Below I will run some initial processing of the three input datasets. Details on what these datasets contain can be found in the 'Customer Behaviour notebook' which was ran as a prerequisite to this notebook. 

The initial processing has been ran to split out an categorical columns so that they have dummies of 1's and 0's depending on if they are true or not. It has cleaned & reformatted some of the data in date columns, replaced NaN values as 0 and updated column names so they are consistent across each of the dataframes. The functions can be found above or in the .py file containing all functions that will be used in  future notebooks.

In [29]:
# run the initial cleaning on each dataset
clean_port_df = clean_portfolio_data(portfolio_df)
clean_port_df

Unnamed: 0,bogo,discount,informational,email,mobile,social,web,difficulty,duration,id,reward
0.0,1,0,0,1.0,1.0,1.0,0.0,10,7,ae264e3637204a6fb9bb56bc8210ddfd,10
1.0,1,0,0,1.0,1.0,1.0,1.0,10,5,4d5c57ea9a6940dd891ad53e9dbe8da0,10
2.0,0,0,1,1.0,1.0,0.0,1.0,0,4,3f207df678b143eea3cee63160fa8bed,0
3.0,1,0,0,1.0,1.0,0.0,1.0,5,7,9b98b8c7a33c4b65b9aebfe6a799e6d9,5
4.0,0,1,0,1.0,0.0,0.0,1.0,20,10,0b1e1539f2cc45b7b9fa7c272da2e1d7,5
5.0,0,1,0,1.0,1.0,1.0,1.0,7,7,2298d6c36e964ae4a3e7e9706d1fb8c2,3
6.0,0,1,0,1.0,1.0,1.0,1.0,10,10,fafdcd668e3743c1bb461111dcafc2a4,2
7.0,0,0,1,1.0,1.0,1.0,0.0,0,3,5a8bc65990b245e5a138643cd4eb9837,0
8.0,1,0,0,1.0,1.0,1.0,1.0,5,5,f19421c1d4aa40978ebb69ca19b0e20d,5
9.0,0,1,0,1.0,1.0,0.0,1.0,10,7,2906b810c7d4411798c6938adc9daaa5,2


In [26]:
clean_prof_df = clean_profile_data(profile_df)
clean_prof_df.head()

Unnamed: 0,female,male,other,unknown gender,age,member joined,person,income
0,0,0,0,1,0,2017-02-12,68be06ca386d4c31939f3a4f0e3dd783,0.0
1,1,0,0,0,55,2017-07-15,0610b486422d4921ae7d2bf64640c50b,112000.0
2,0,0,0,1,0,2018-07-12,38fe809add3b4fcf9315a9694bb96ff5,0.0
3,1,0,0,0,75,2017-05-09,78afa995795e4d85b5d9ceeca43f5fef,100000.0
4,0,0,0,1,0,2017-08-04,a03223e636434f42ac4c3df47e8bac43,0.0


In [27]:
clean_trans_df = clean_transcript_data(transcript_df)
clean_trans_df.head()

Unnamed: 0,offer completed,offer received,offer viewed,transaction,amount,offer_id,person,time,id
0,0,1,0,0,0,1,78afa995795e4d85b5d9ceeca43f5fef,0,9b98b8c7a33c4b65b9aebfe6a799e6d9
1,0,1,0,0,0,1,a03223e636434f42ac4c3df47e8bac43,0,0b1e1539f2cc45b7b9fa7c272da2e1d7
2,0,1,0,0,0,1,e2127556f4f64592b11af22de27a7932,0,2906b810c7d4411798c6938adc9daaa5
3,0,1,0,0,0,1,8ec6ce2a7e7949b1bf142def7d0e0586,0,fafdcd668e3743c1bb461111dcafc2a4
4,0,1,0,0,0,1,68617ca6246f4fbc85e91a2a49552598,0,4d5c57ea9a6940dd891ad53e9dbe8da0


Now that some intital cleaning has been performed we can look further into what inputs we will need for future analysis.

### Offer Influence

The first thing we probably need to decide is how we will determine when an offer has influenced a purchase.

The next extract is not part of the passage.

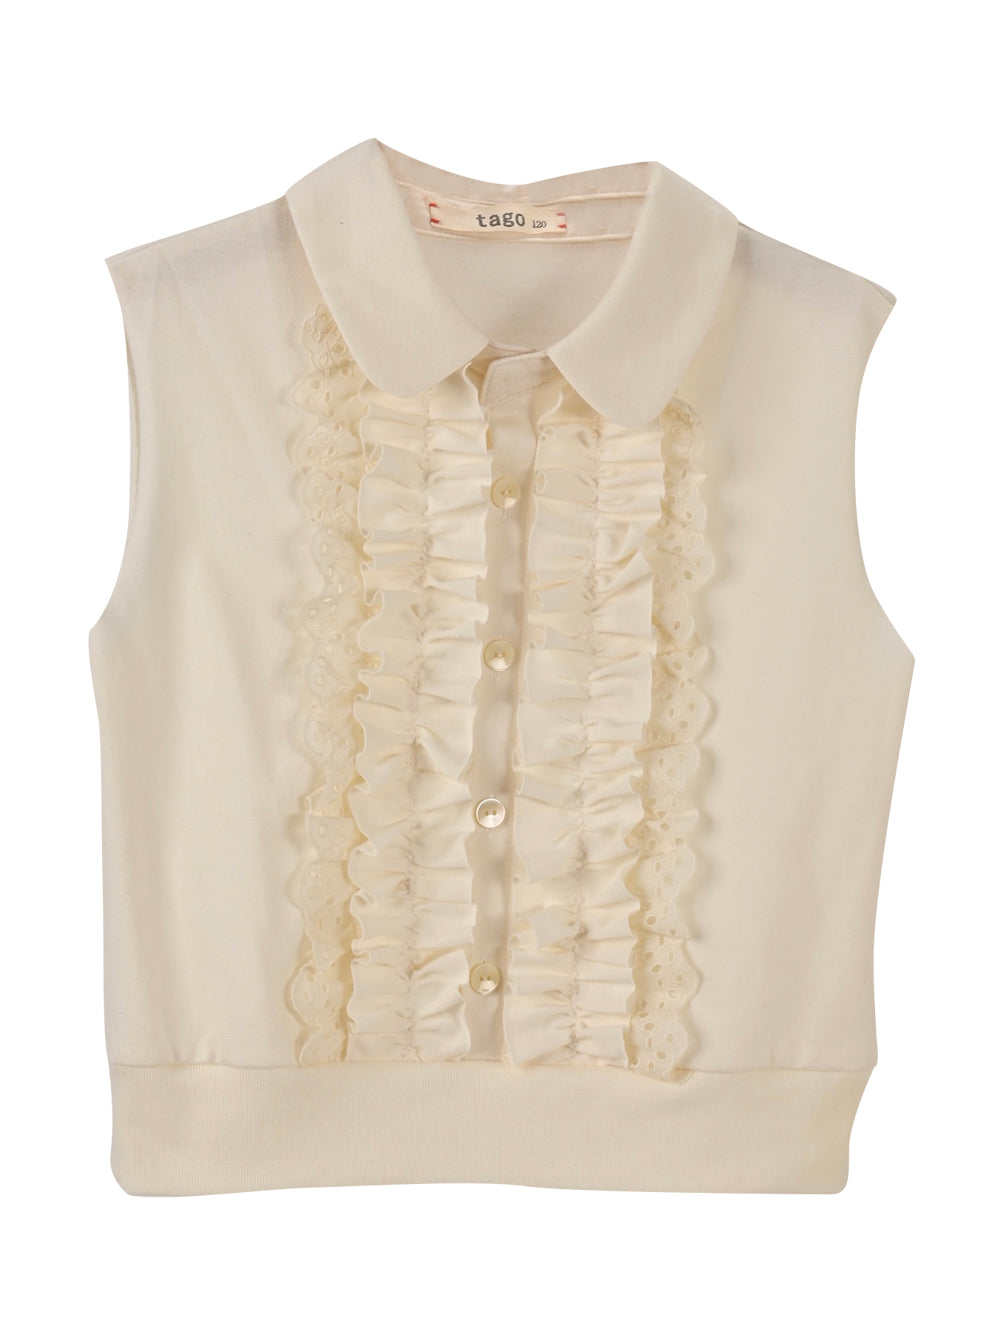 PREORDER: Ruffled Collared Top

This will be useful when looking what users normally spend for the demographic split and how often they spend money. We have three different types of offers that need to be handled slightly differently:

 - BOGO (Buy One Get One Free): We can consider a user has been influenced by this offer when they have viewed the   offer and they have completed the offer at any point throughout the offer period.
 
 - Discount: Again we can consider a user has been influenced if they have viewed the offer and completed it in the offer period. We can also consider that they have been influenced on any purchases between viewing and completing the offer as it may be an accumulation offer (e.g. spend more than 10 dollars between a certain period).

- Informational: These are the most difficult to assess in any situation as it's difficult to measure what influence they have had. For this offer type we'll assume that a user was under the influence for the duration of the offer after viewing it. Any purchase in that period will be treated as being influenced.

I'm going to assume if an offer was not completed then a user was not influenced by the offer. Obviously a user could have tried to complete a discount offer but failed but this is difficult to tell from the data provided here.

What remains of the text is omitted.